A COVID-19 booster vaccine that can be given by mouth to people who already have antibodies from vaccination or prior infection has yielded promising results in monkeys and is likely to be tested soon in humans, according to the company developing it. The oral booster uses traditional vaccine technology in which a harmless carrier virus delivers coronavirus proteins into cells on the surface of the tongue, or lining of the cheeks and throat, stimulating production of antibodies that can block the virus before it gets a foothold in the body, said Dr. Stephen Russell, chief executive of Vyriad in Rochester, Minnesota, who led the study. “Not only would an oral COVID-19 vaccine be more convenient and acceptable… but it might also lead to better immunity because it is being administered to the site where the COVID-19 virus typically comes into the body,” he added. In monkeys at one week after vaccinations, antibody levels increased by nearly 100-fold, with no side effects, Russell said. A report of the study posted on Monday on bioRxiv https://bit.ly/3vwny3T ahead of peer review says Vyriad is working with the U.S. Food and Drug Administration to plan human trials.

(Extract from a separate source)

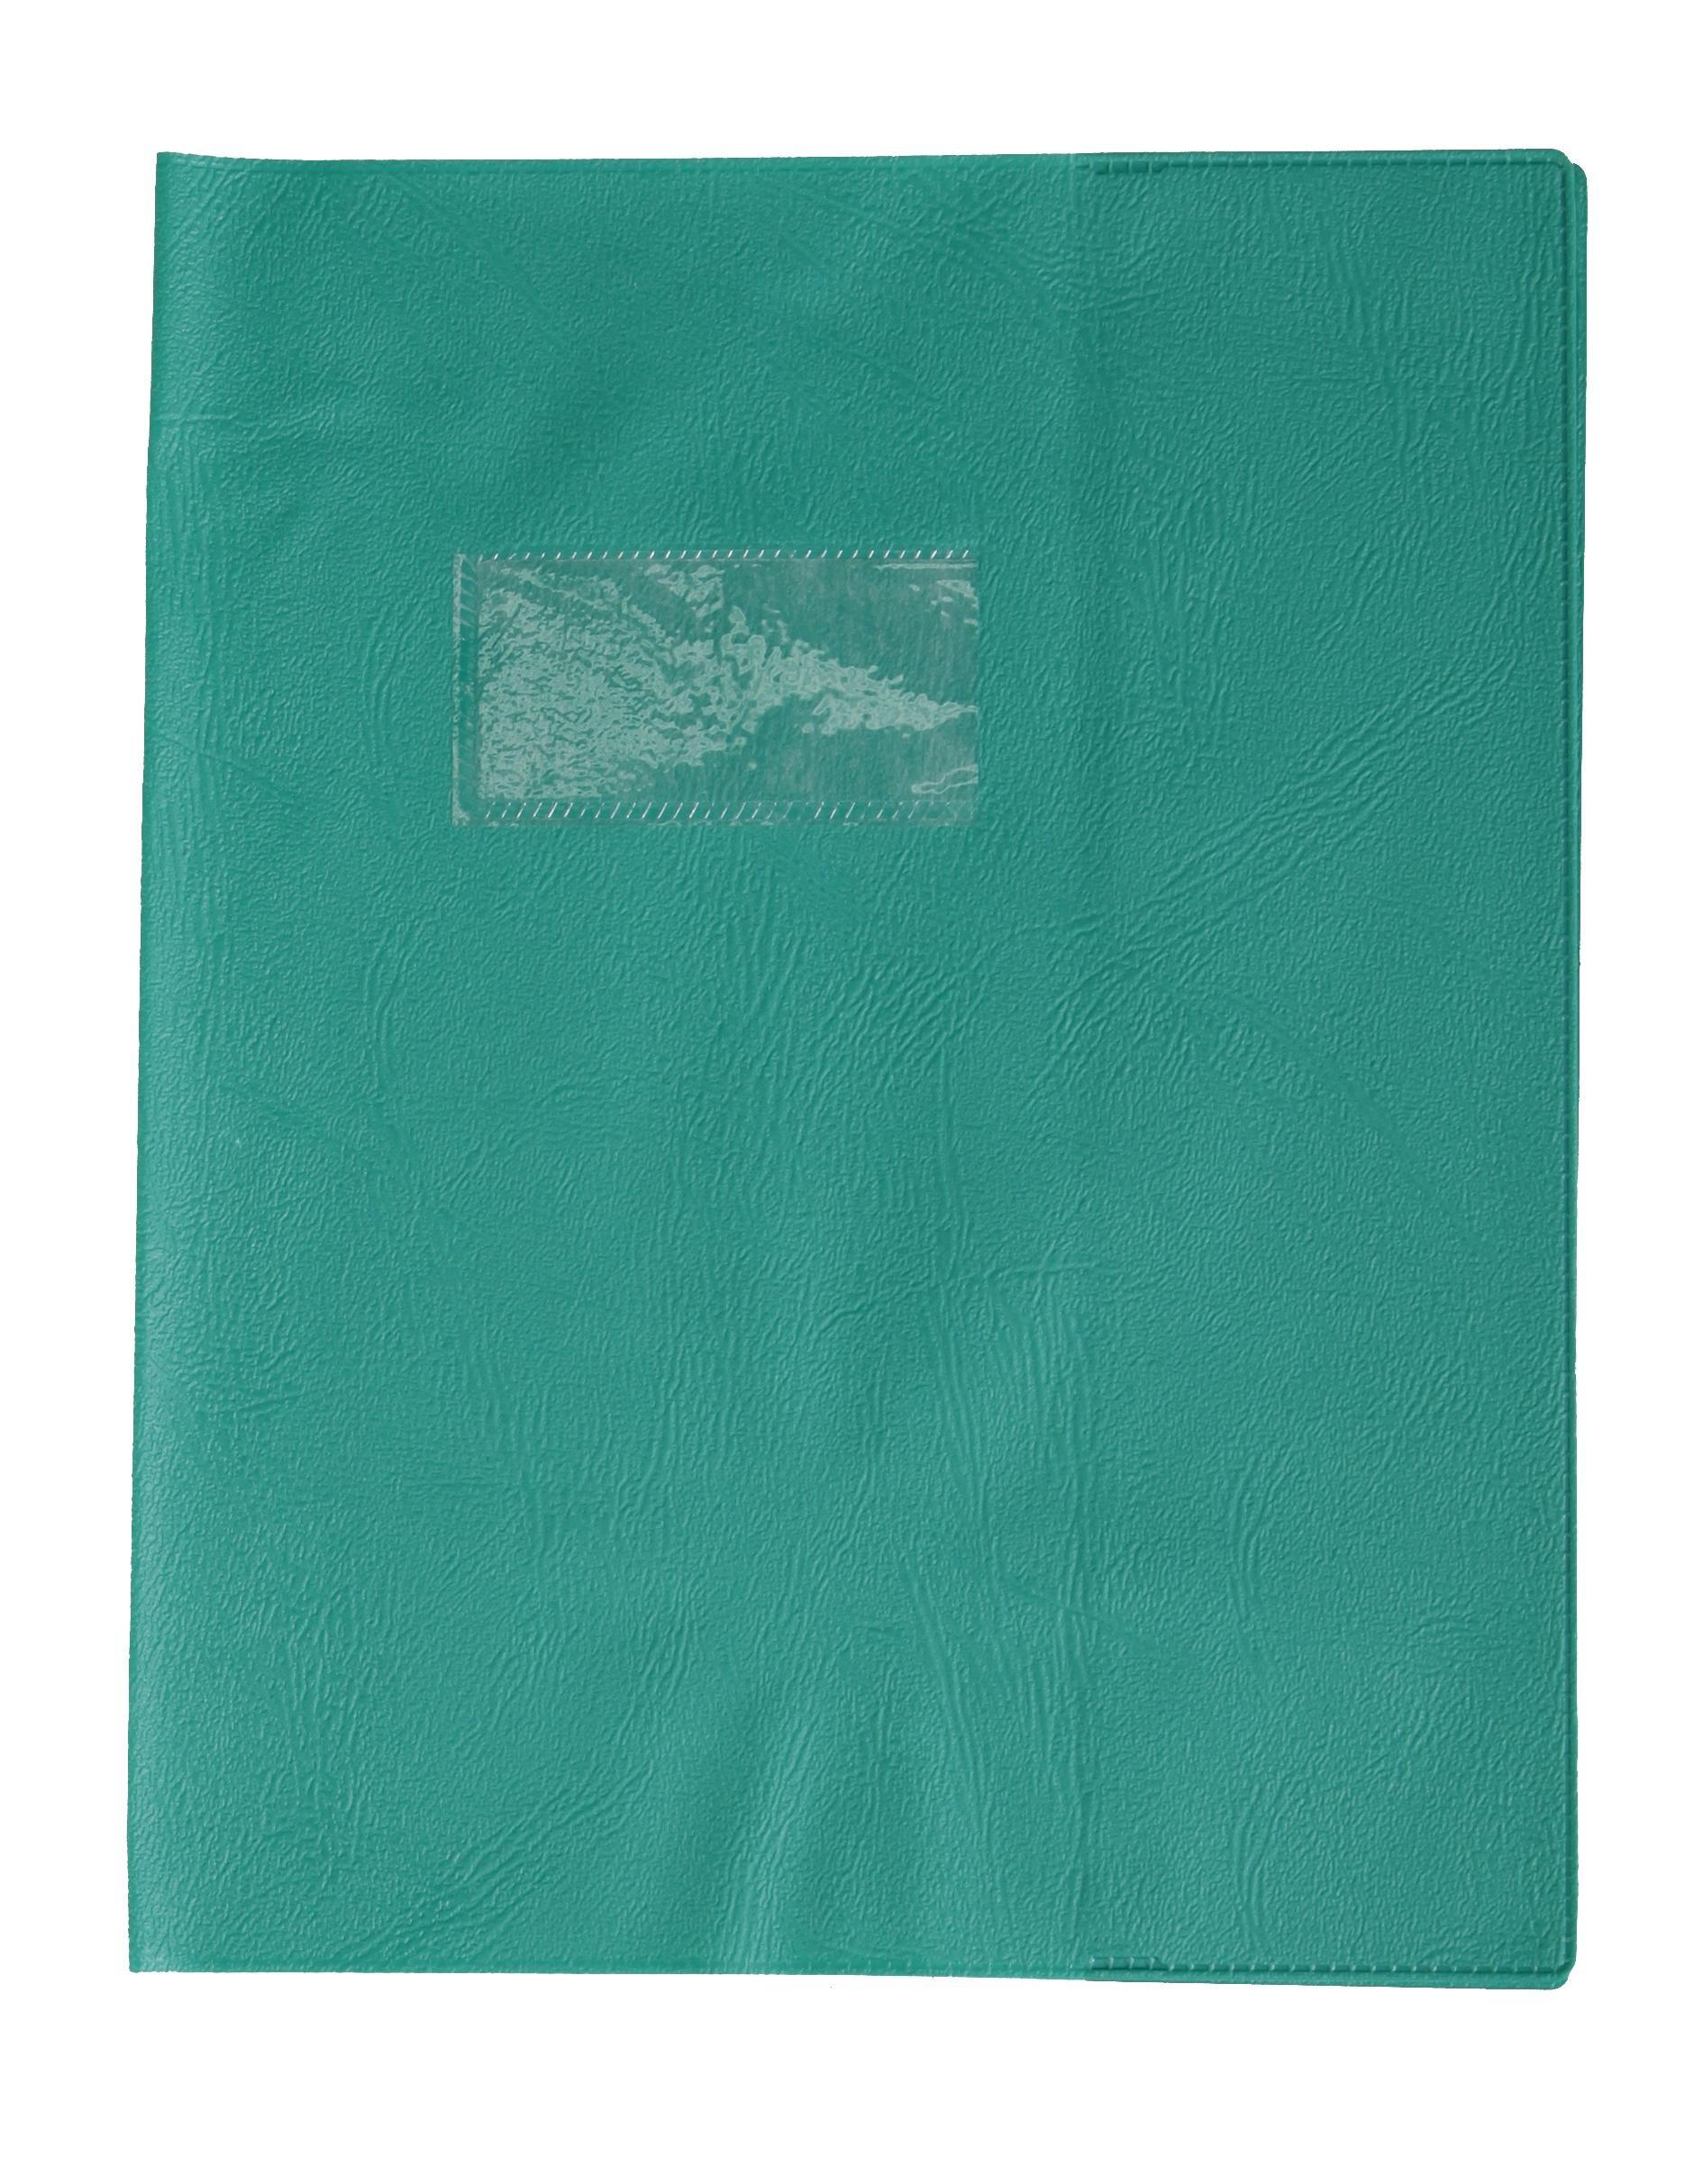 Protège-cahier nylon uni 20/100e - 17x22 - Vert

Plants may be useful in vaccine production

Plants could someday be used to produce COVID-19 vaccines, according to researchers who are developing a nasal spray vaccine. Vaccines work by delivering antigens, which are replicas of pieces of virus or bacteria that train the immune system to recognize the invader and defend against it. Vaccine antigens are typically produced in cells from mammals, but previous studies have suggested that producing them in tobacco-related Nicotiana benthamiana plants would be less expensive and safer. In the current lab study, posted on Monday on bioRxiv https://bit.ly/3AZwFv2 ahead of peer review, COVID-19 survivors’ antibodies recognized and responded to the coronavirus antigen produced in the plants “in the same way that they recognize a standard antigen produced in mammalian cells,” said study leader Allyson MacLean of the University of Ottawa. The intra-nasal vaccine is not meant to replace conventional (injected) vaccines, but rather to add another layer of protection by stimulating immune system protection in the airways, where the virus first attaches itself,” MacLean said. “We imagine the nasal-spray being used to top-up immune protection when traveling or going to events with large numbers of people.”